We have introduced an approach and corresponding workflow for prior and likelihood sensitivity analysis using power-scaling perturbations of the prior and likelihood. The proposed approach is computationally efficient and applicable to a wide range of models with minor changes to existing model code. This will allow automated prior sensitivity diagnostics for probabilistic programming languages such as Stan and PyMC, and higher-level interfaces like brms, rstanarm and bambi, and make the use of default priors safer as potential problems can be detected and warnings presented to users. The approach can also be used to identify which priors may need more careful specification. The use of PSIS and IWMM ensures that the approach is reliable while being computationally efficient. These properties were demonstrated in several simulated examples and case studies of real data, and our sensitivity analysis workflow easily fits into a larger Bayesian workflow involving model checking and model iteration.

Rather than fixing the power-scaling \(\alpha \) values, it could be possible to include the \(\alpha \) parameters in the model and place hyperpriors on them. However, this naturally complicates the model by adding additional levels of hierarchy. In addition, the question of sensitivity to the choice of hyperprior would then be raised, which may require further sensitivity analysis, or additional levels of hierarchy, the parameters of which become less and less informed by the data (Goel and DeGroot 1981). Instead, the power-scaling sensitivity approach can be seen as a controlled method for automatically comparing alternative priors, which are interpretable by the modeller.

We have demonstrated checking the presence of sensitivity based on the derivative of the cumulative Jensen–Shannon distance between the base and perturbed priors with respect to the power-scaling factor. While this is a useful diagnostic, power-scaling sensitivity analysis is a general approach with multiple valid variants. Future work could include further developing quantity-based sensitivity to identify meaningful changes in quantities and predictions with respect to power-scaling, and working towards automated guidance on safe model adjustment after sensitivity has been detected and diagnosed.

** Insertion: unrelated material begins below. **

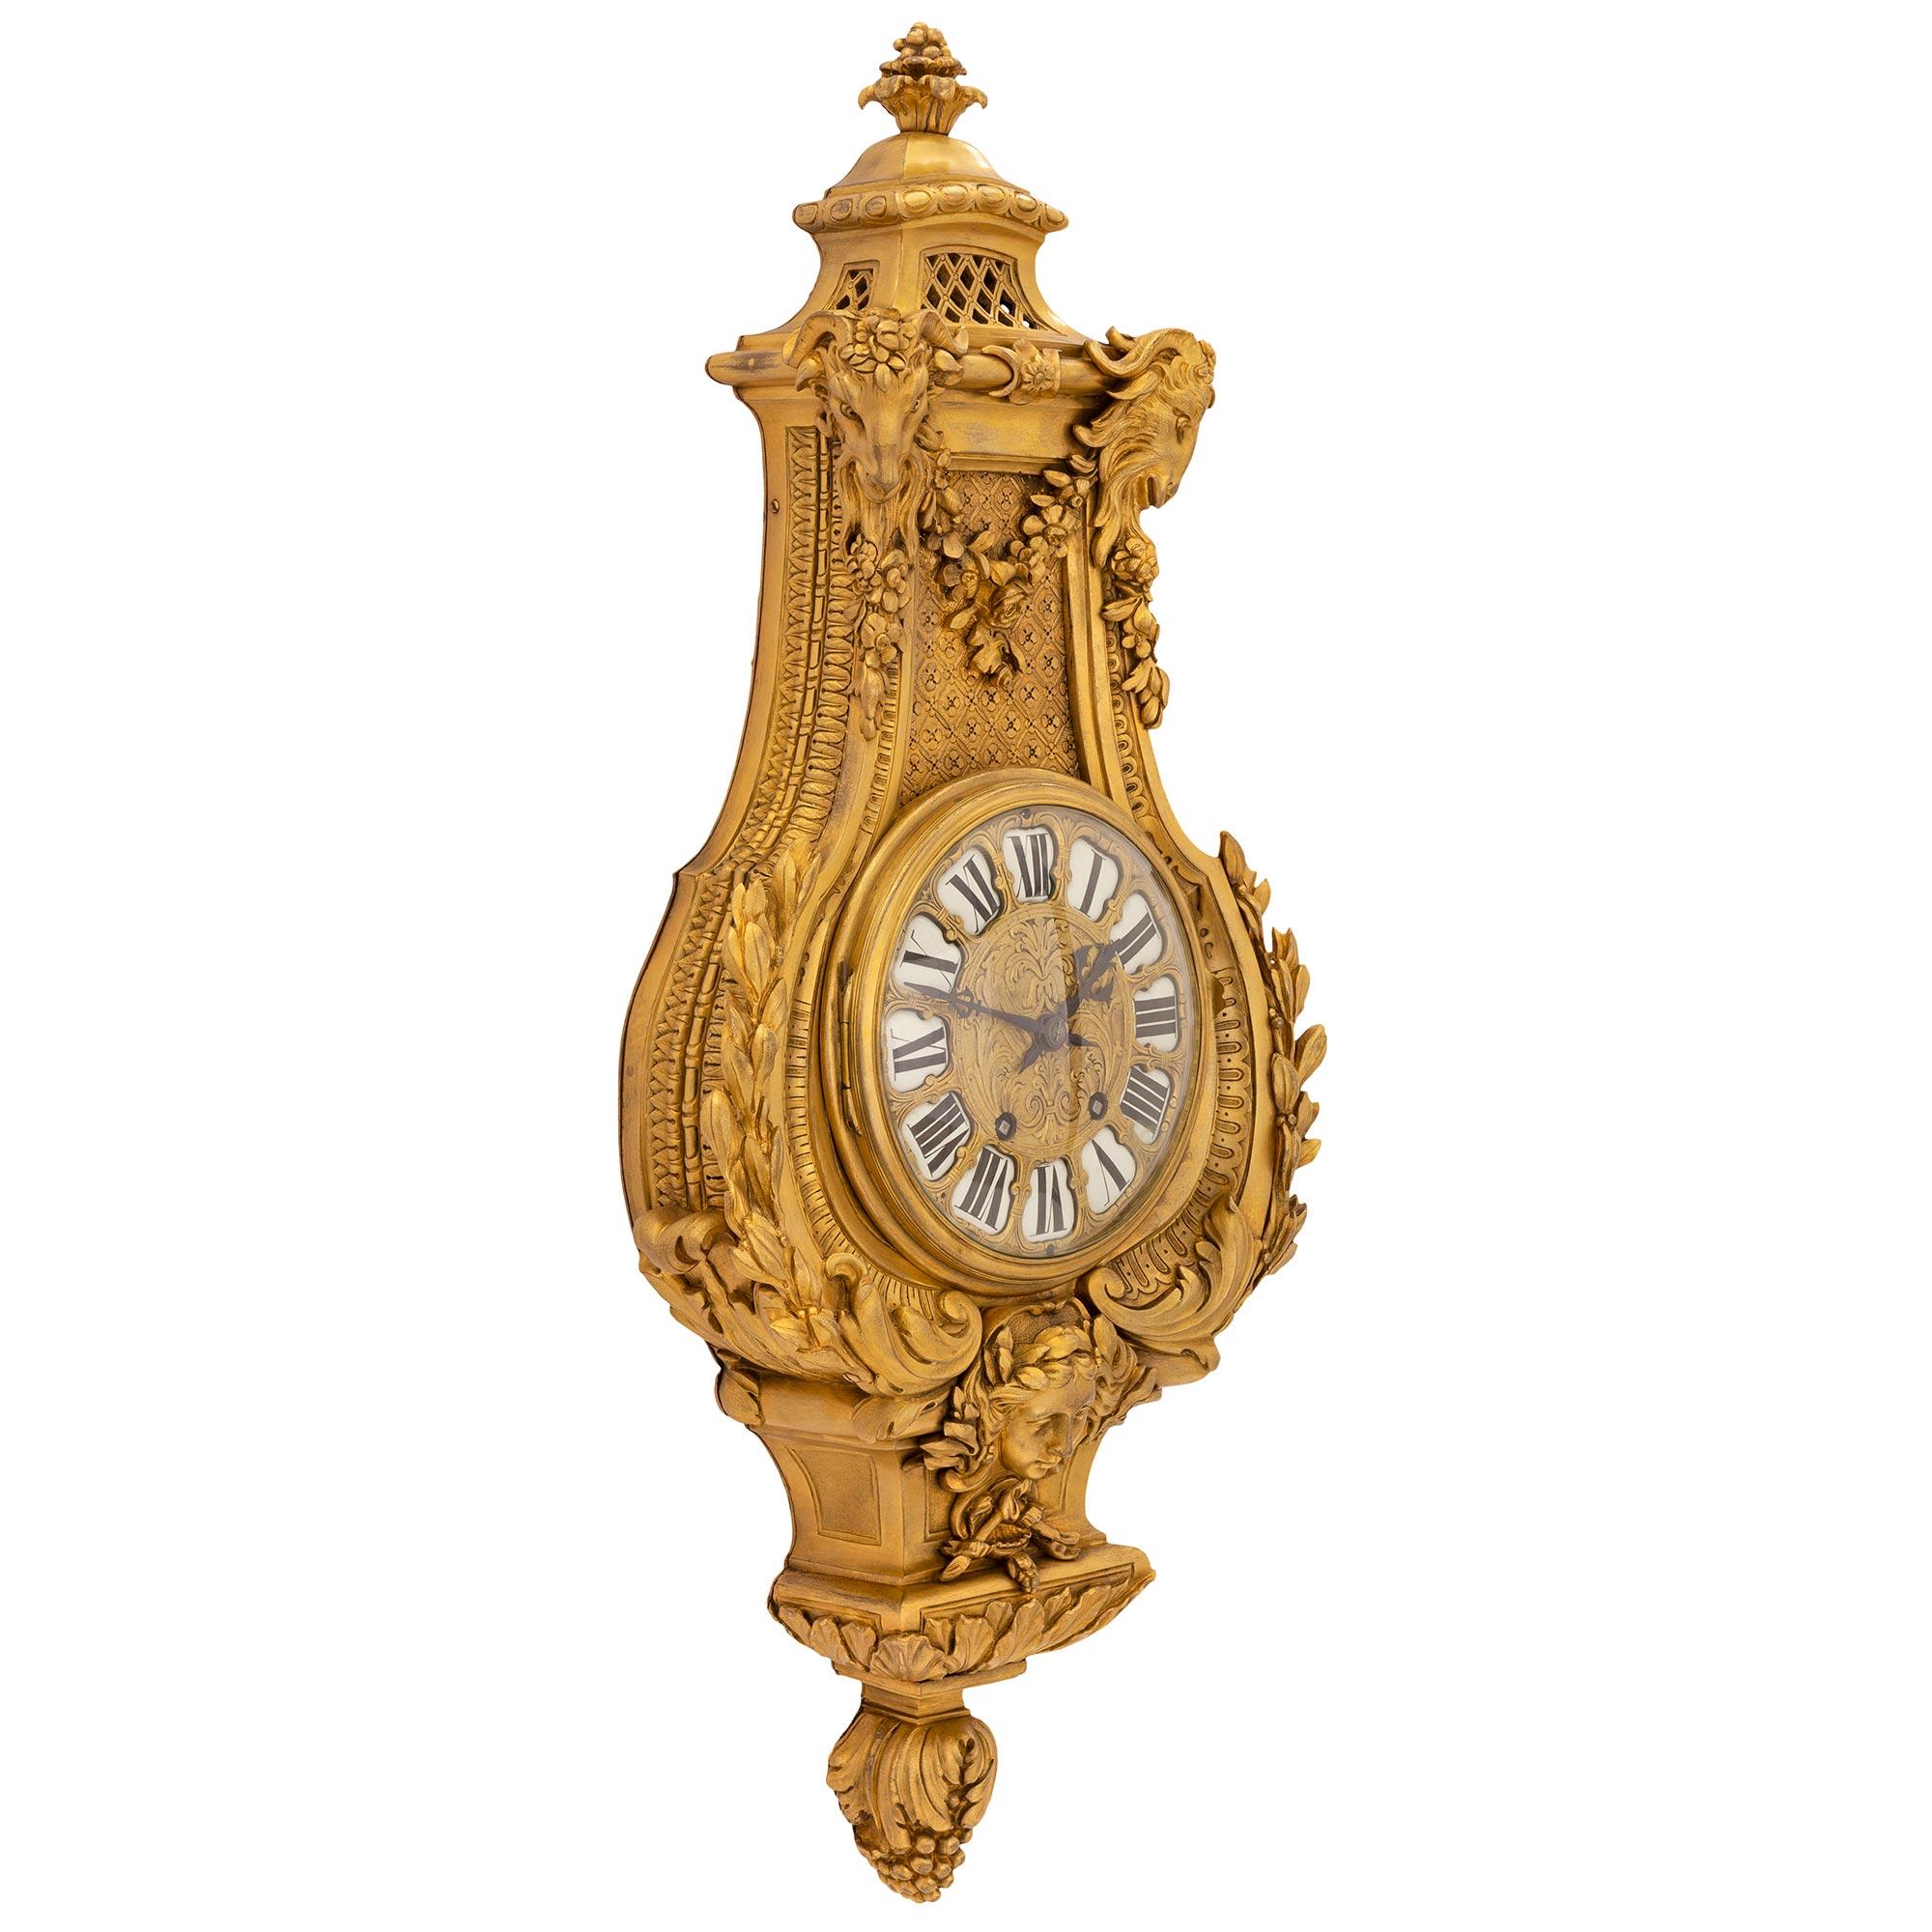 An exceptional and very high quality French mid 19th century Louis XVI st. ormolu cartel clock, by Etienne Maxant. The impressive wall clock is centered by a stunning richly chased bottom berried foliate finial below an intricately detailed mask of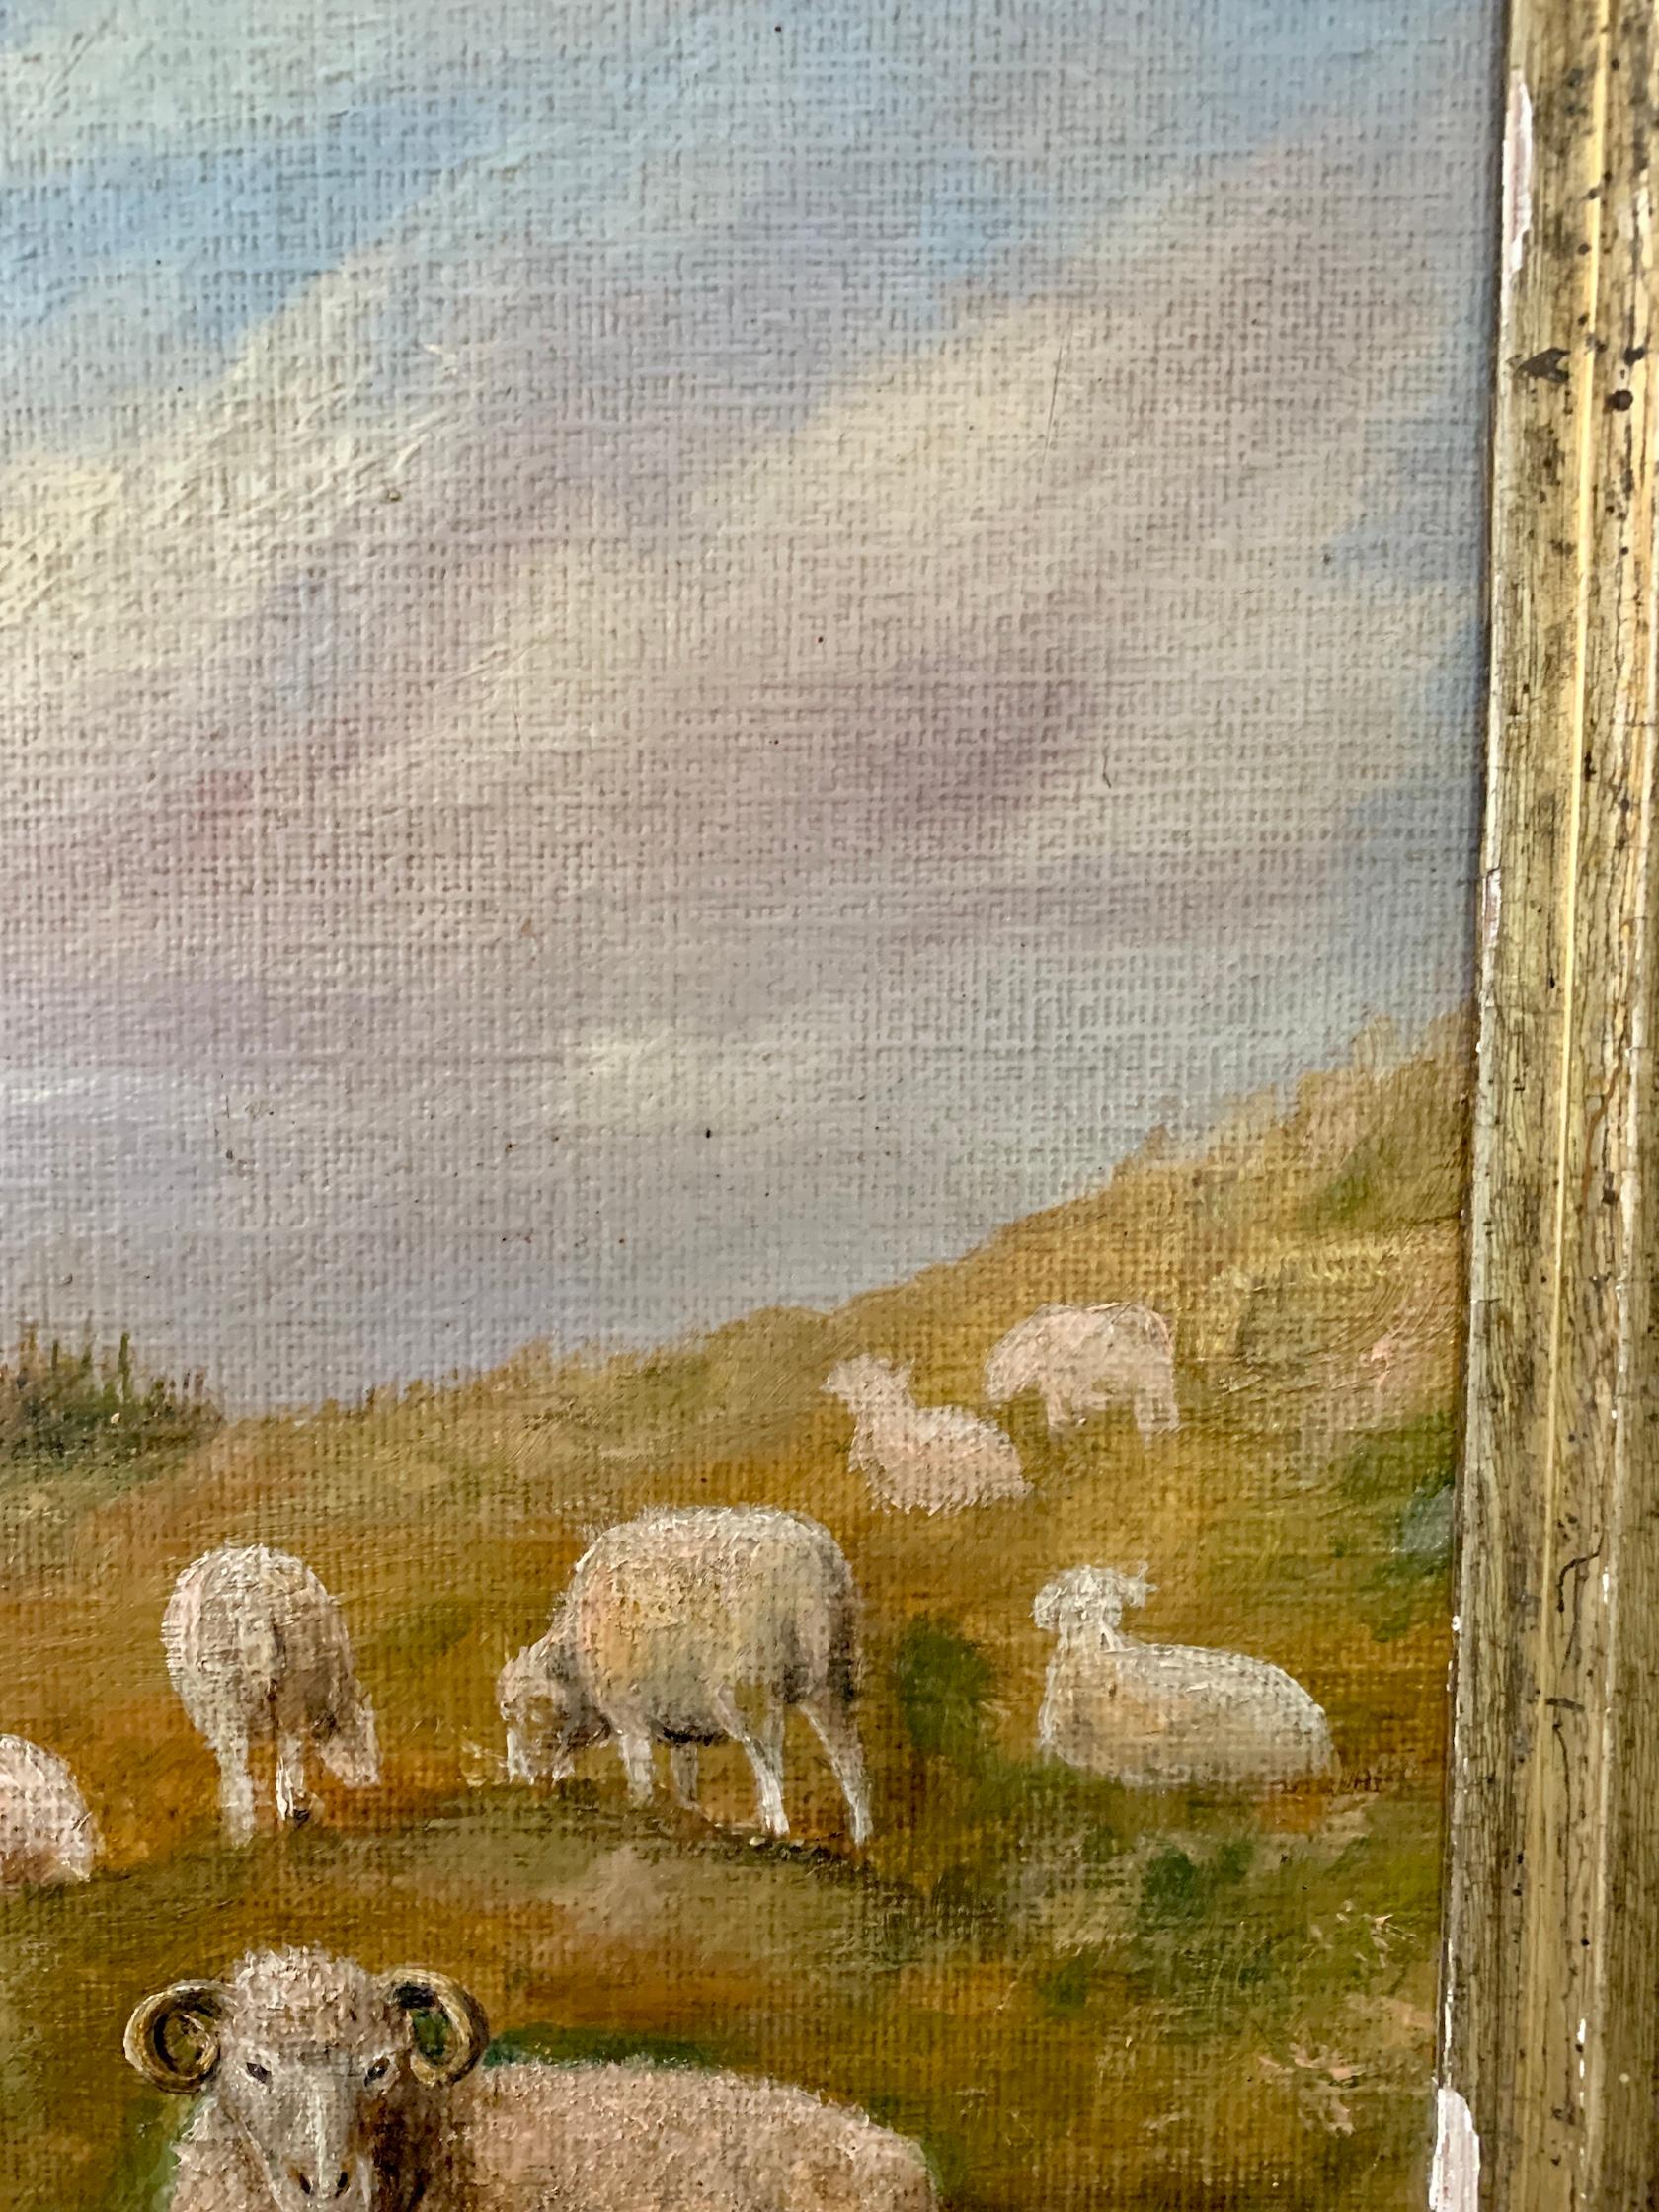 19th Century English folk art of Sheep in a landscape with maple frame For Sale 1

Other extensions include developing additional perturbations that affect different aspects of distributions. Our sensitivity approach could be applied to other perturbations, however, they may require recomputing likelihood and prior evaluations. An important benefit of the power-scaling approach is that the values required for the importance weights (the evaluations of the prior and likelihood) are already calculated when computing the unnormalized posterior density used in MCMC, so no new computations from the model are required if these are saved. Another potential perturbation that could be done without recomputation is inducing a mean shift via exponential tilting (Siegmund 1976), however this would require draws from the prior.

It is also possible to use the same framework to investigate the influence of individual or groups of observations, by perturbing the likelihood contribution of a single or subset of observations. This would be particularly useful in evidence synthesis models where different data sources are included. The workflow for this should be explored in future work.

Finally, we emphasise that the presence of prior sensitivity or the absence of likelihood sensitivity are not issues in and of themselves. Rather, context and intention of the model builder need to be taken into account. We suggest that the model builder pay particular attention when the pattern of sensitivity is unexpected or surprising, as this may indicate the model is not behaving as anticipated. We again emphasise that the approach should be coupled with thoughtful consideration of the model specification and not be used for repeated tuning of the priors until diagnostic warnings disappear.